Lifestyle medicine is a specialty that focuses on preventing chronic diseases.
“It provides a potential avenue for altering the course of ever-increasing [healthcare] costs resulting from prescription medicine and surgical procedures,” Dr. Nguyen said of lifestyle medicine. “We chose to explore lifestyle factors among veterans participating in the Million Veteran Program (MVP) because it is a unique opportunity to better understand and care for a specific population of people who have devoted themselves to service.”
Dr. Yanping Li, a research scientist in the Department of Nutrition at the Harvard T.H. Chan School of Public Health and a co-author of the study, previously served as a co-author of a 2018
The researchers were able to add three new healthy habits to this study because the information the MVP gathers is so comprehensive. “Based on the data availability, we extended the previous five lifestyle factors into eight,” Dr. Li said.

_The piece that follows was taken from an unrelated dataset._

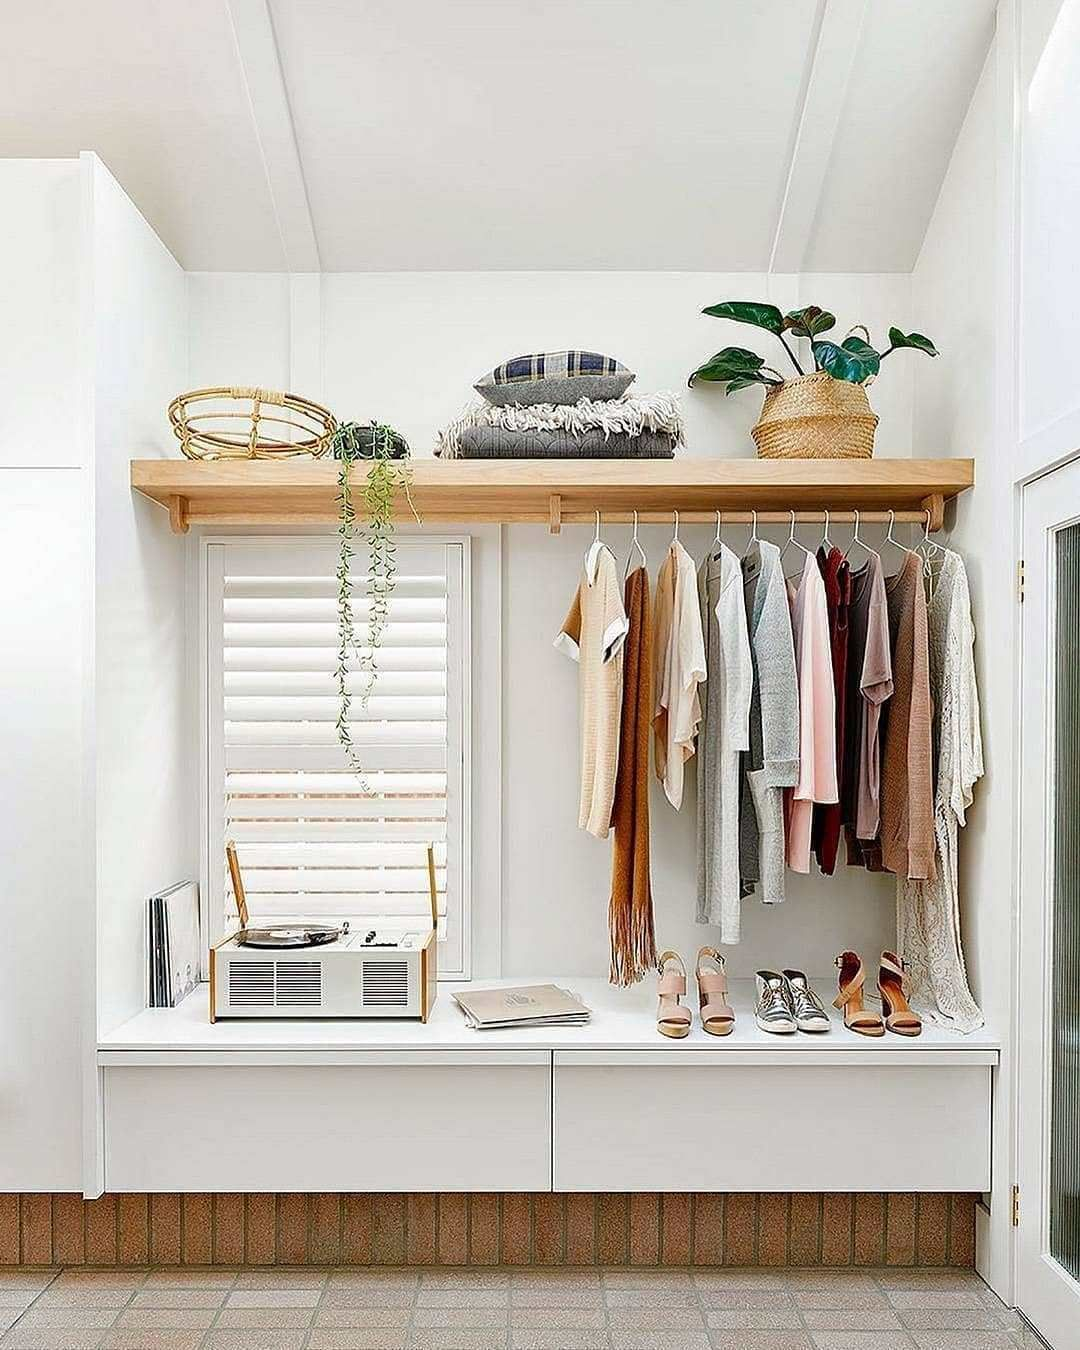 10 Open Closet Ideas For Small Bedrooms Ten Catalog Closet Small Bedroom Closet Ideas For Small Spaces Bedroom Small Closet Space

There are benefits to be had even if patients can’t adopt all eight healthy habits.
“We were really surprised by just how much could be gained with the adoption of one… two… three.. or all eight lifestyle factors!” Nguyen said.
Dr. William Schaffner, a professor of preventive medicine and infectious diseases at Vanderbilt University Medical Center in Nashville, Tennessee, took particular note of that element of the study.
“It was impressive in the sense that, even if you start, and you don’t do them all…it still is beneficial,” he told MNT.
While the research suggests that adopting healthy habits at older ages likely results in smaller estimated gains in life expectancy, it’s still probably fruitful.
“Our research findings suggest that adopting a healthy lifestyle is important for both public health and personal wellness,” Nguyen said. “The earlier the better, but even if you make changes in your 40s or 60s, it still is beneficial as seen in our study findings!”
Doctors have long advised patients to eat right and exercise regularly. Studies like this allow them to quantify the benefits of adopting healthy habits.
“The purpose is to let the general audience and the clinical physician to understand how much the difference [is] if they do this or that, so it’s kind of [to help] them to explain to the patient why it’s so important to adopt a healthier lifestyle,” Dr. Li told MNT.
The results of the study make a convincing case, according to Dr. Schaffner.
“If you do wrap them all together, and you start reasonably early, it does seem to predict that you get a substantial increase in your life expectancy,” he said. “We’re not talking about days, weeks, months, or only a couple of years.”
Nguyễn stressed that the research is an observational study.
“I think one of the most important limitations and cautions that people need to understand while interpreting the results of our study is that our estimations are based on observational data and causality cannot be assumed from our findings,” she said.
“Although we have carefully controlled for confounding factors, our results do not imply causal effects. It is critical to not overinterpret the findings considering the observational nature of our study,” she added.
While a committee of experts evaluated the abstracts selected for Nutrition 2023, they did not undergo the same peer review process required for publication in a scientific journal.